He has been cited as an influence on the musician Beck. The artist Banksy has stenciled Tyler's line “only the ridiculous survive” outside of London's Paddington Station. The line comes from Tyler's series of six poems with the same name, “The Complete Breakdown of Everything.”

Tyler's writing style has been described as terse, epigrammatic epiphanies. He is concerned with language, both beautiful and otherwise, as a political activity, and the “muddle-class” as a group robbed of language, and so robbed of a voice. He is known for his poem “The Most Beautiful Word in the American Language” (Resist).

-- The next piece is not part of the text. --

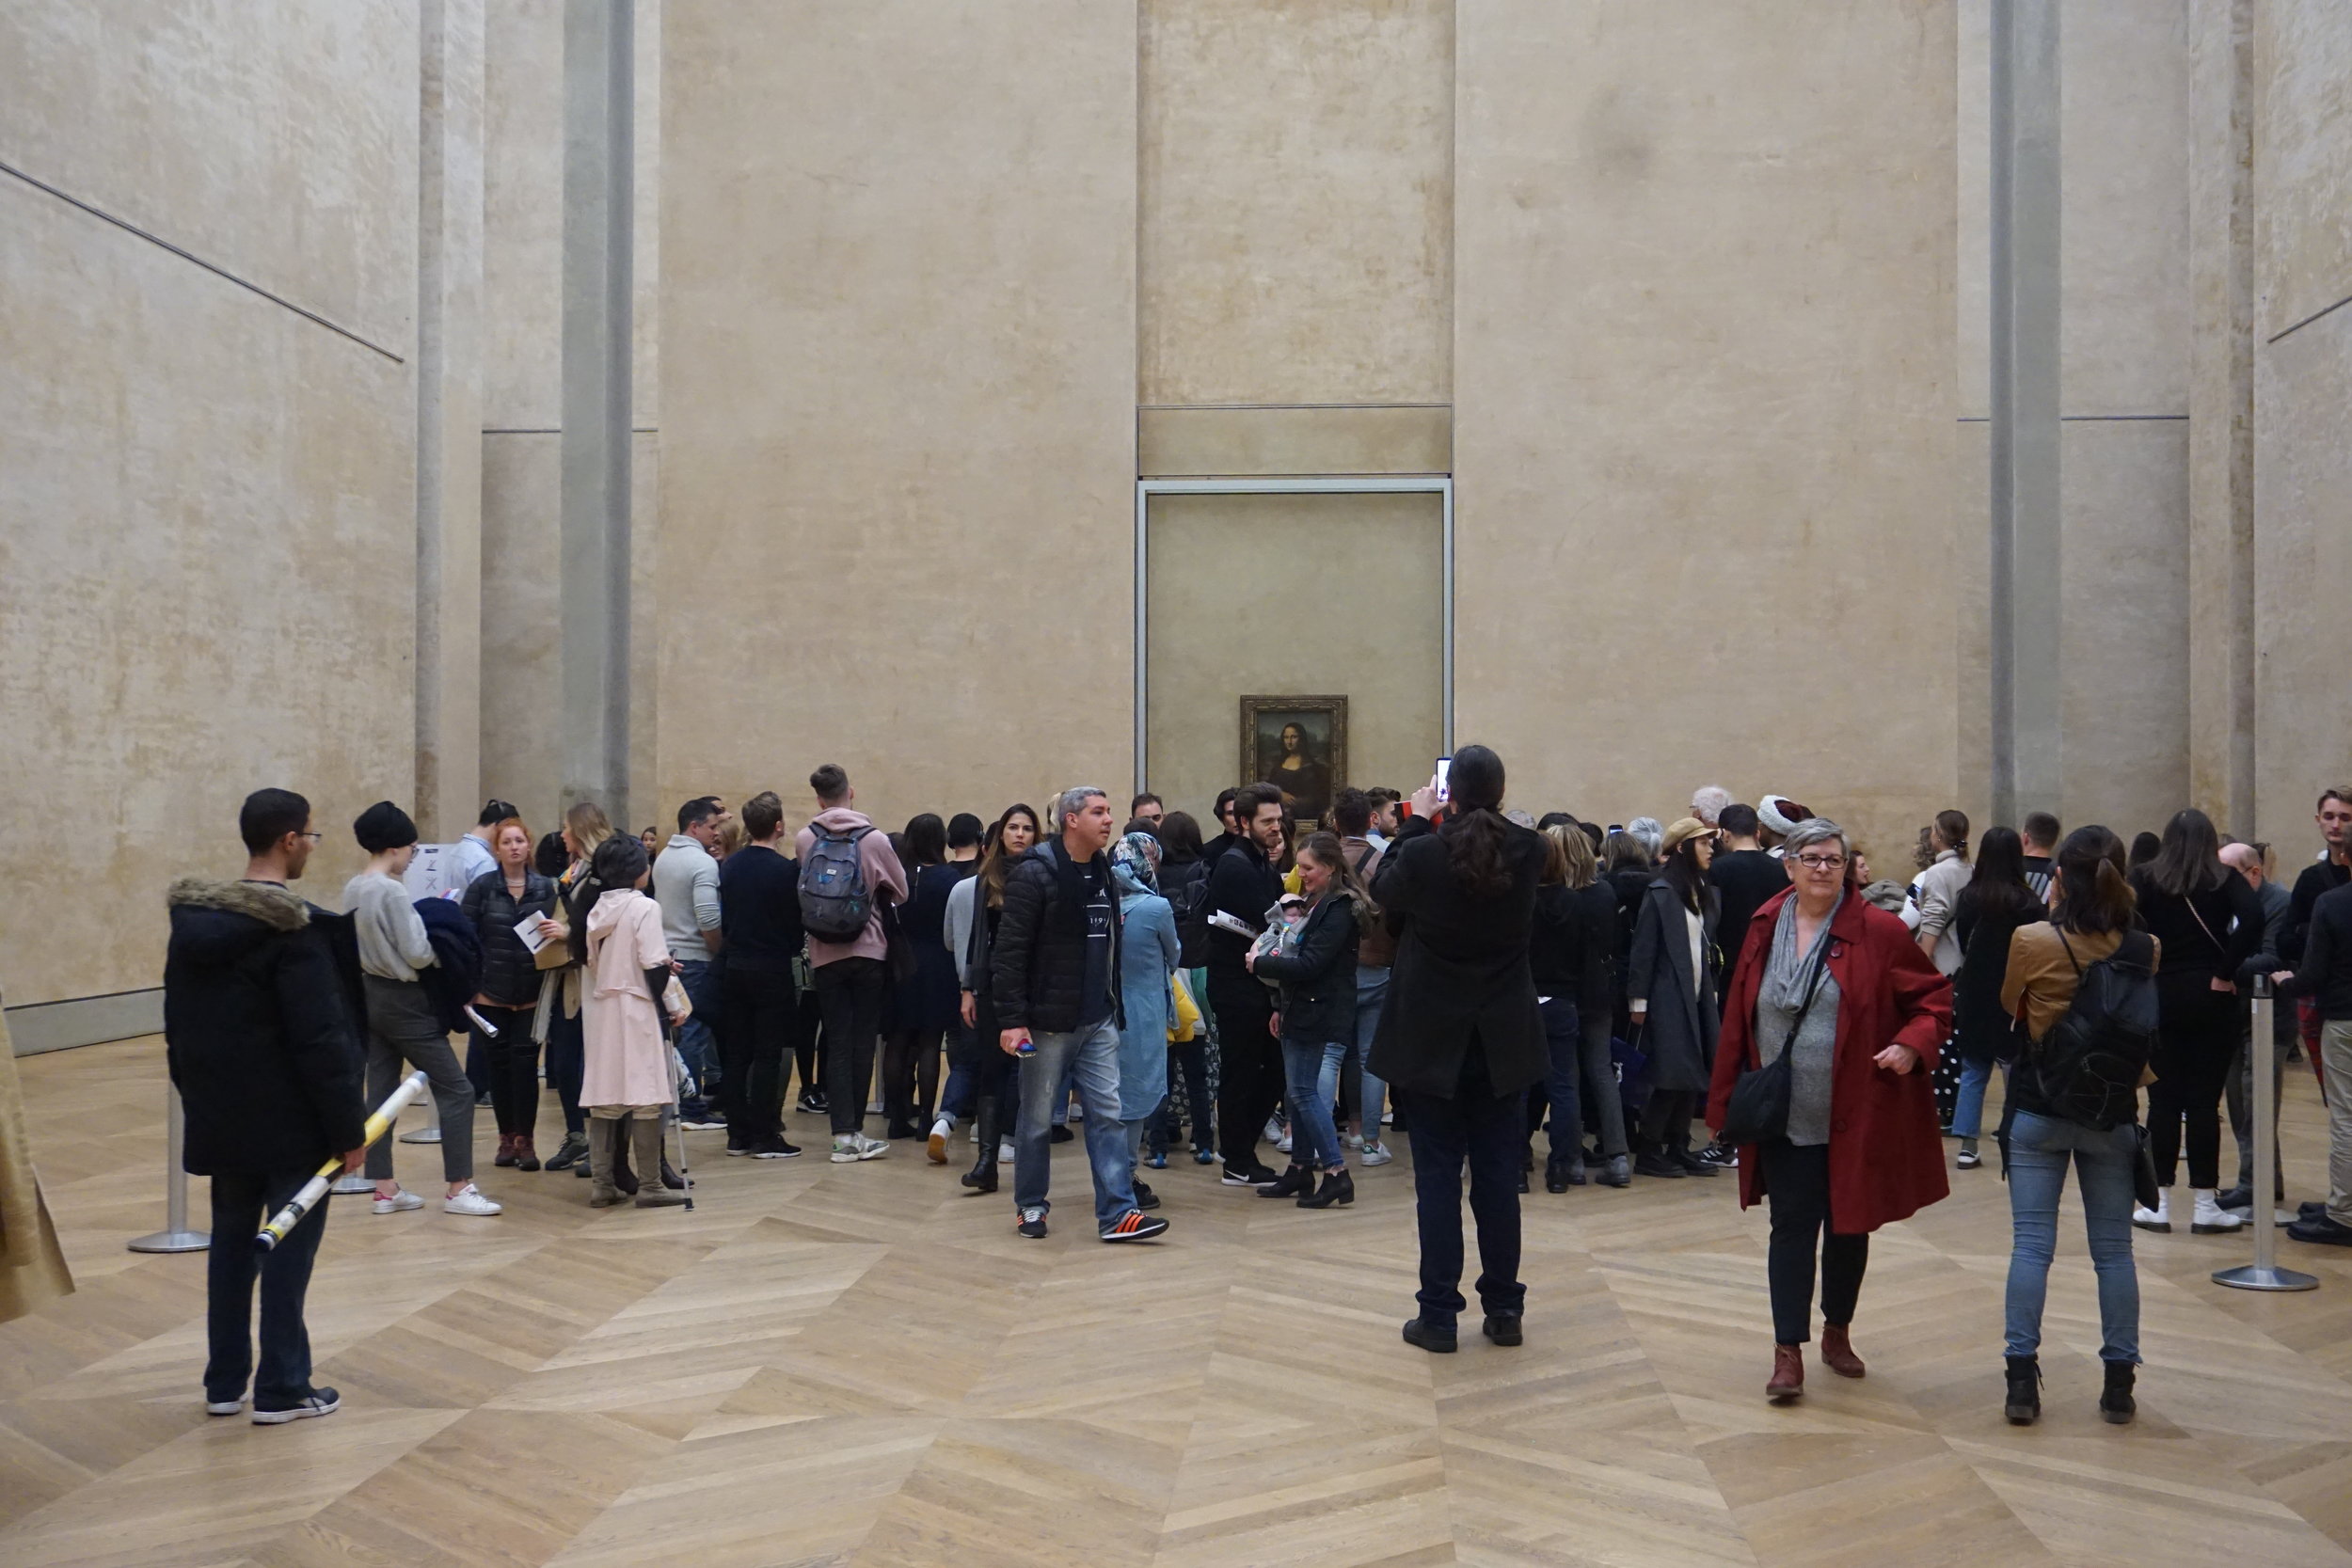  Mona always draws a crowd.

“The Iggy Pop of Poetry”, his high-octane physical reading style has been controversial, leading to him once receiving a zero at a poetry slam. The judge said he could not hear the poetry through his antics. Tyler responded in his poem “Suggestion Box.” If you didn’t move around so much/I could listen to your poetry/If I didn’t move around so much/you wouldn’t even bother with/you couldn’t listen to my poetry/you just wouldn’t listen/to my poetry.

He performed his one word poem “Nixon Is Dead” (Good) on BBC radio, entering to introductory music (“He’s My Thing” by Babes in Toyland) longer than the poem itself.
He appeared full-frontally nude performing his poem Trial By Ice for the PBS Series, The United States of Poetry (is it o.k. to yell fire/at a fire). The performance was cut from the show, but Tyler did appear completely naked in stills from the program in the coffee table book of the same name.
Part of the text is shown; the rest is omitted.